• [Data below]:
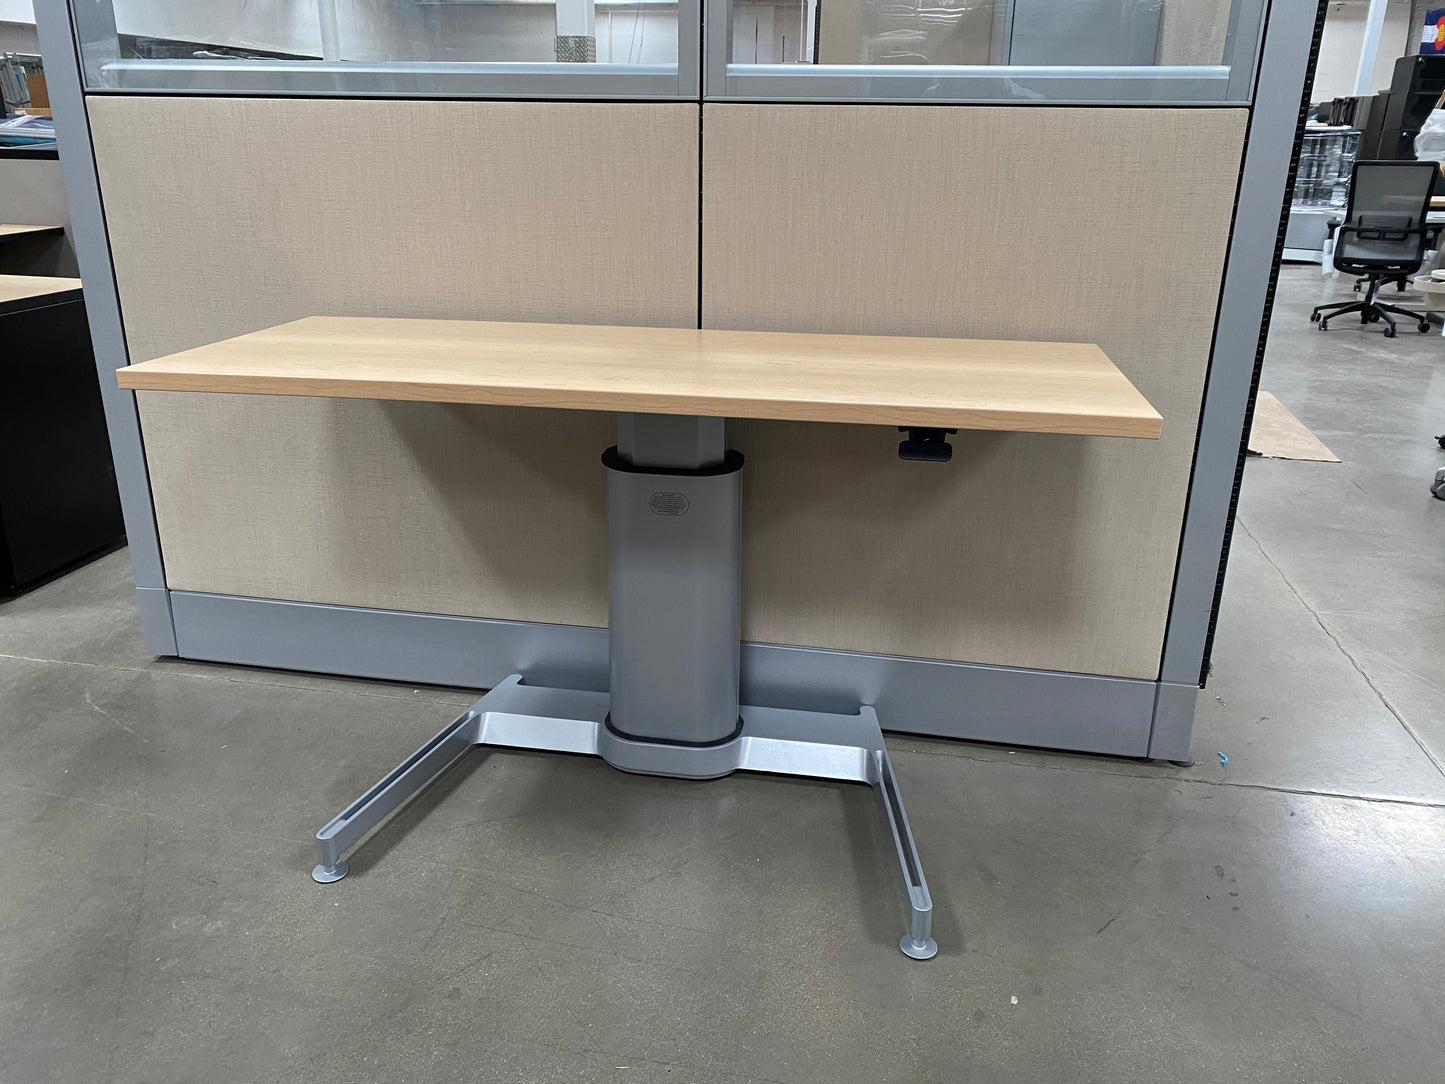 Steelcase Airtouch adjustable height desk
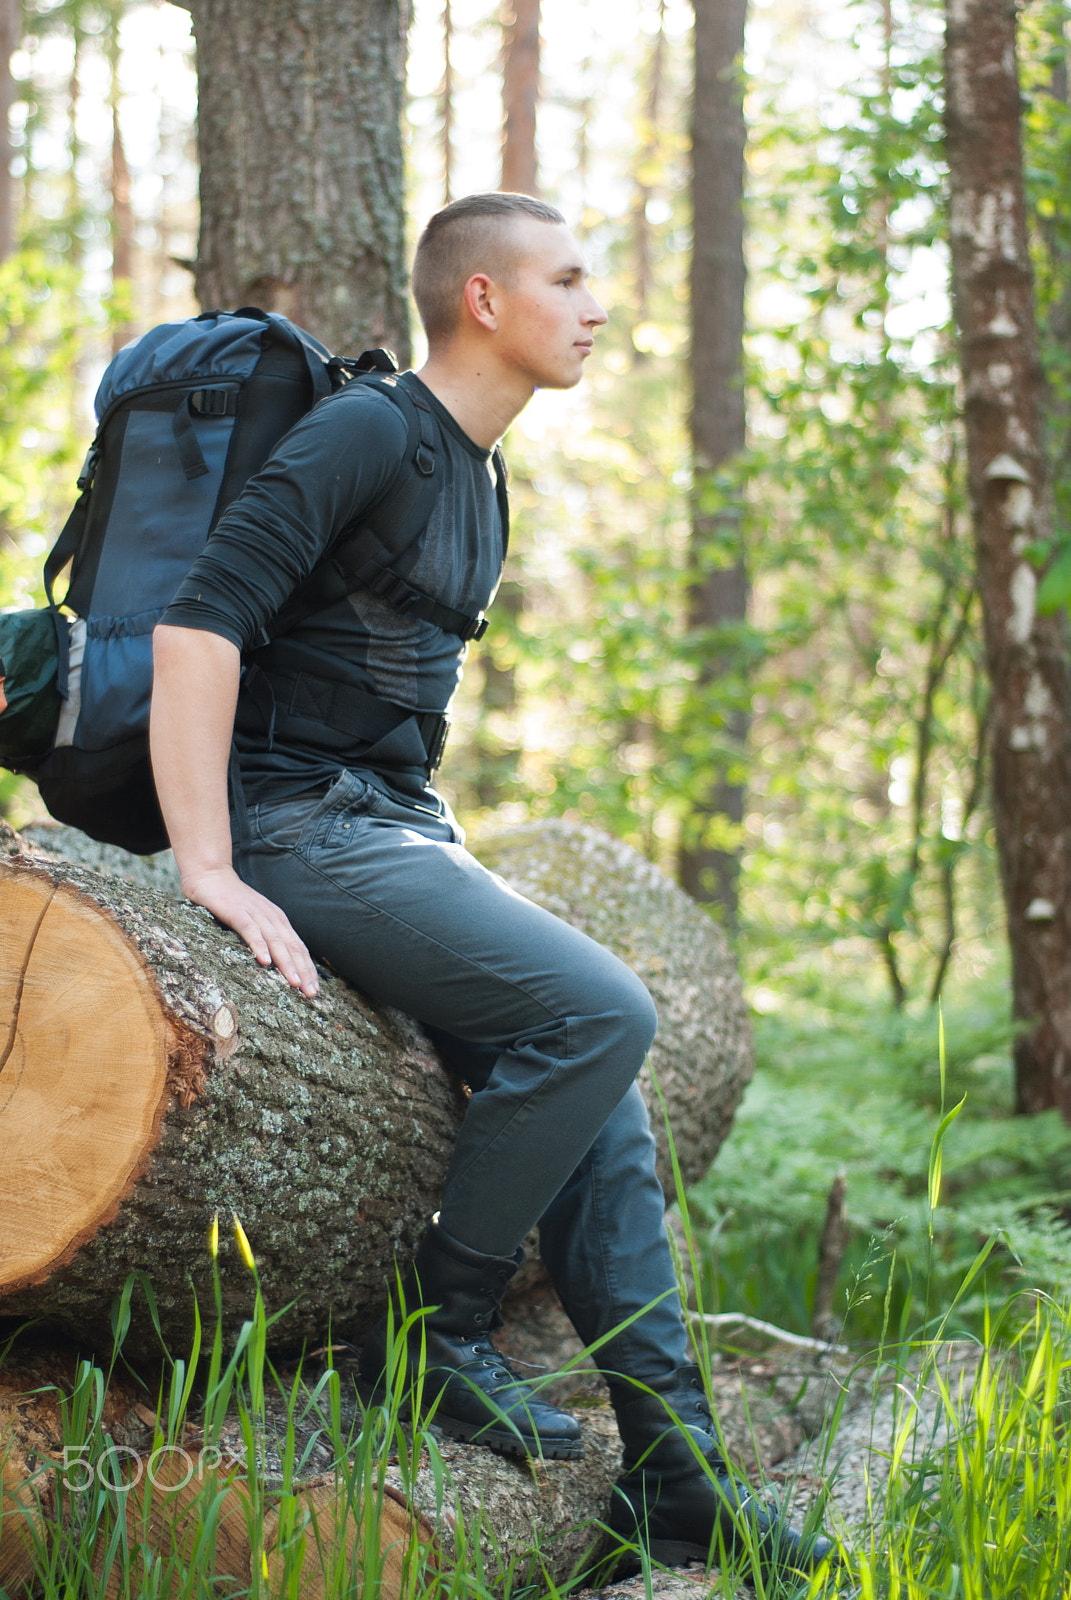 Nikon D80 + AF Nikkor 50mm f/1.8 N sample photo. A tired young hiker with backpack sitting on logs, photography
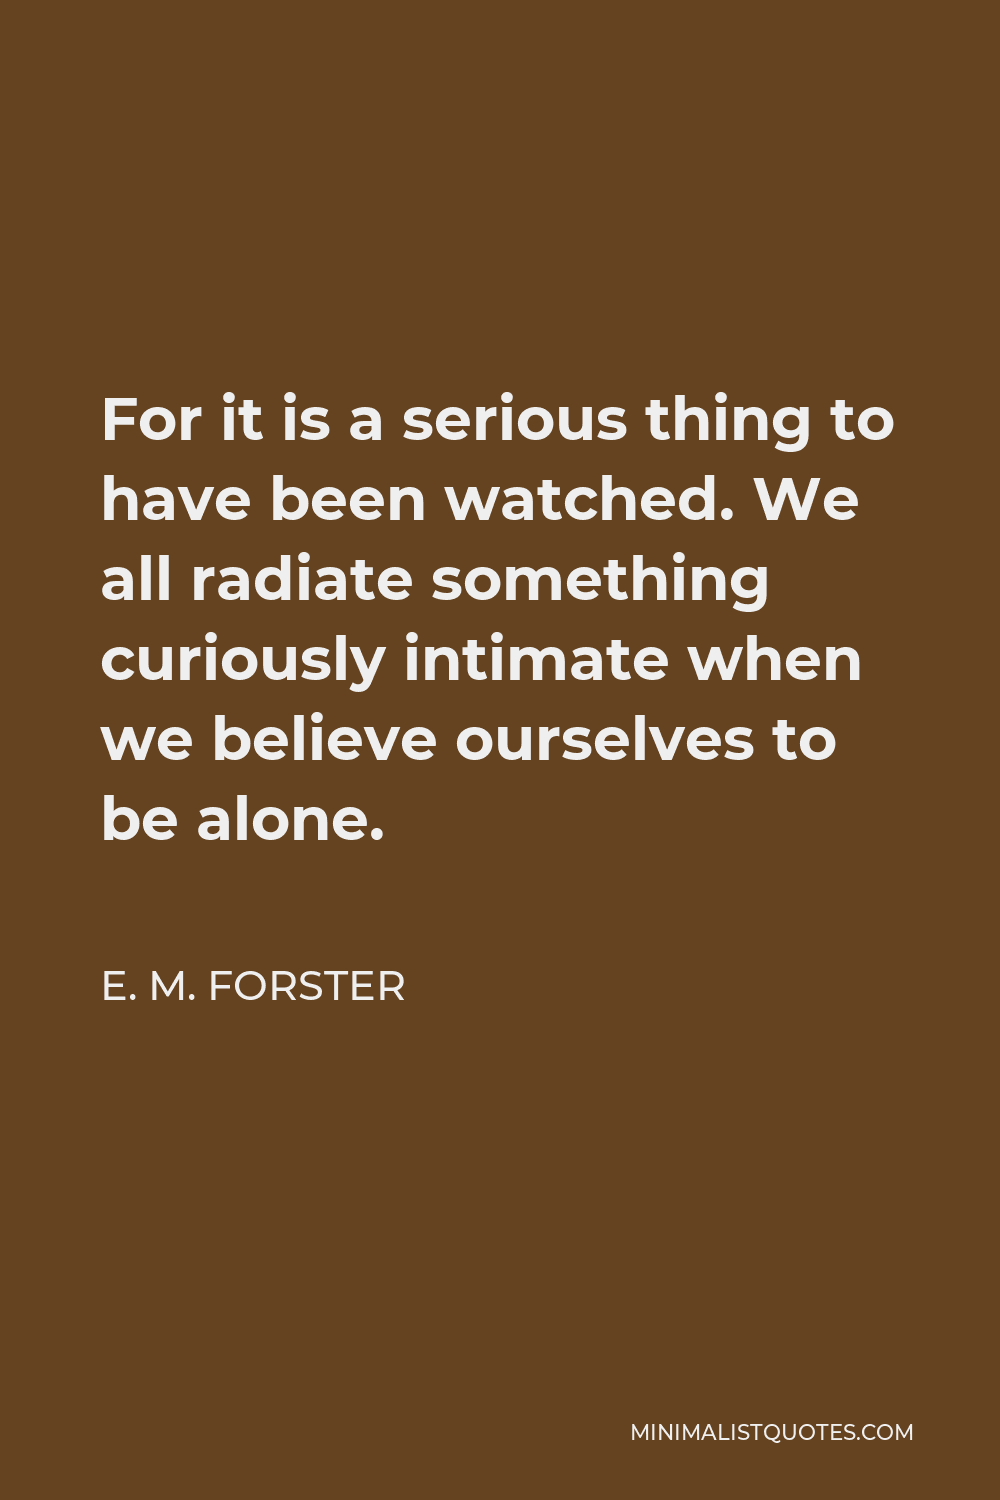 E. M. Forster Quote - For it is a serious thing to have been watched. We all radiate something curiously intimate when we believe ourselves to be alone.

• [Requirement]:
Every line from the one containing "Nikon D80 +" through the last line of the listing must be written out again exactly, and no other line. Leave the pictures aside.

• [Response box]:
 Nikon D80 + AF Nikkor 50mm f/1.8 N sample photo. A tired young hiker with backpack sitting on logs, photography
 E. M. Forster Quote - For it is a serious thing to have been watched. We all radiate something curiously intimate when we believe ourselves to be alone.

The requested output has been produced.